There are a couple of caveats to be tossed in here. One is that the game was poorly officiated on both sides. The entire fourth quarter seemed to be one big makeup call: The fifth foul on Steph Curry with a little more than eight minutes left, where he clearly got all ball…the phantom call on Andre Iguodala a few seconds later, after which Warriors fans chanted (somehow without irony) while Harden shot his free throws, “Refs you suck!” And even a call on Kevon Looney earlier where he sure didn’t seem to make any contact with Harden on a jump shot.

The second caveat has to do with the irony of Harden saying refs should call the game how it’s supposed to be called. Plenty of basketball purists would say Harden doesn’t play the game how it’s supposed to be played. A big chunk of his game is predicated on the referees seeing a defender make contact with Harden, whether real contact or imagined contact, and calling a foul. Harden is a genius. He has hacked the system. He finds glitches and exploits them. But much of his style of basketball depends on referees continuing to have the same interpretations of fouls that he believes they should have. And so Sunday was then a live-by-the-foul/die-by-the-foul moment for Harden. The referees missed plenty of calls: About this, there should be no dispute. But that’s what happens when your game depends so much on the referees. Overall, NBA referees are excellent at what they do. But they are human. And they miss calls.

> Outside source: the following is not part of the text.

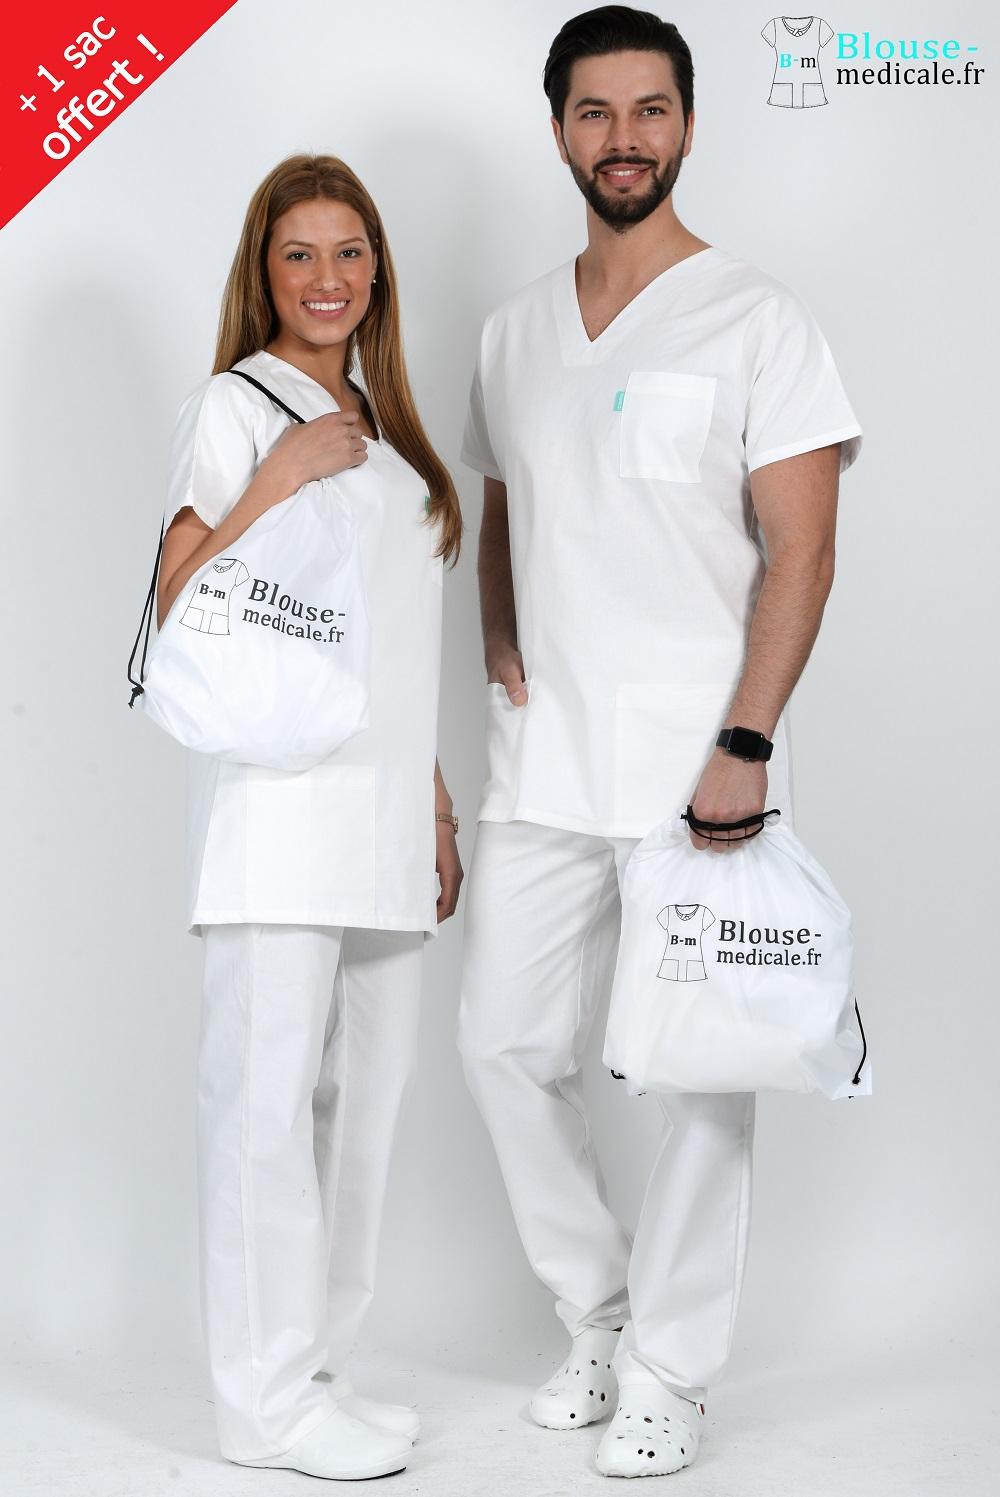 tenue medicale unisexe tenue medicale blanche tenue hopital blanc pas cher

If you don’t like how Harden plays basketball, I get it. He flops. A lot. So does Chris Paul. And so do plenty of NBA players. And so do plenty of professional athletes across all sports, trying their damnedest to get any possible edge. There are two ways to look at Houston’s loss in Game 1: One is that the referees screwed the Rockets. And that they did, not calling a handful of calls relating to defenders encroaching in the landing areas – calls they’ve made all year long.

The other way is that a significant portion of Harden’s greatness – a significant portion of his MVP award from last season – is based on convincing referees to see the game the way he wants them to see it. Sometimes he is, in fact, fouled when he does his arm-flailing thing. Other times he’s not fouled, yet he’s able to convince the referees otherwise.

Look at it that way, and James Harden on Sunday was the boy who cried wolf. Did referees miss a whole bunch of calls against Harden in Game 1, enough missed calls that they might have swayed the outcome of the game? Absolutely. A foul should be a foul, no matter if it’s in the regular season or the playoffs, during the opening minutes of the first quarter or the final seconds of the game, in a play that involves the reigning MVP or a journeyman bench player.

But if you cry wolf to the referees too many times, sometimes the referees won’t be there to save you when you need it most.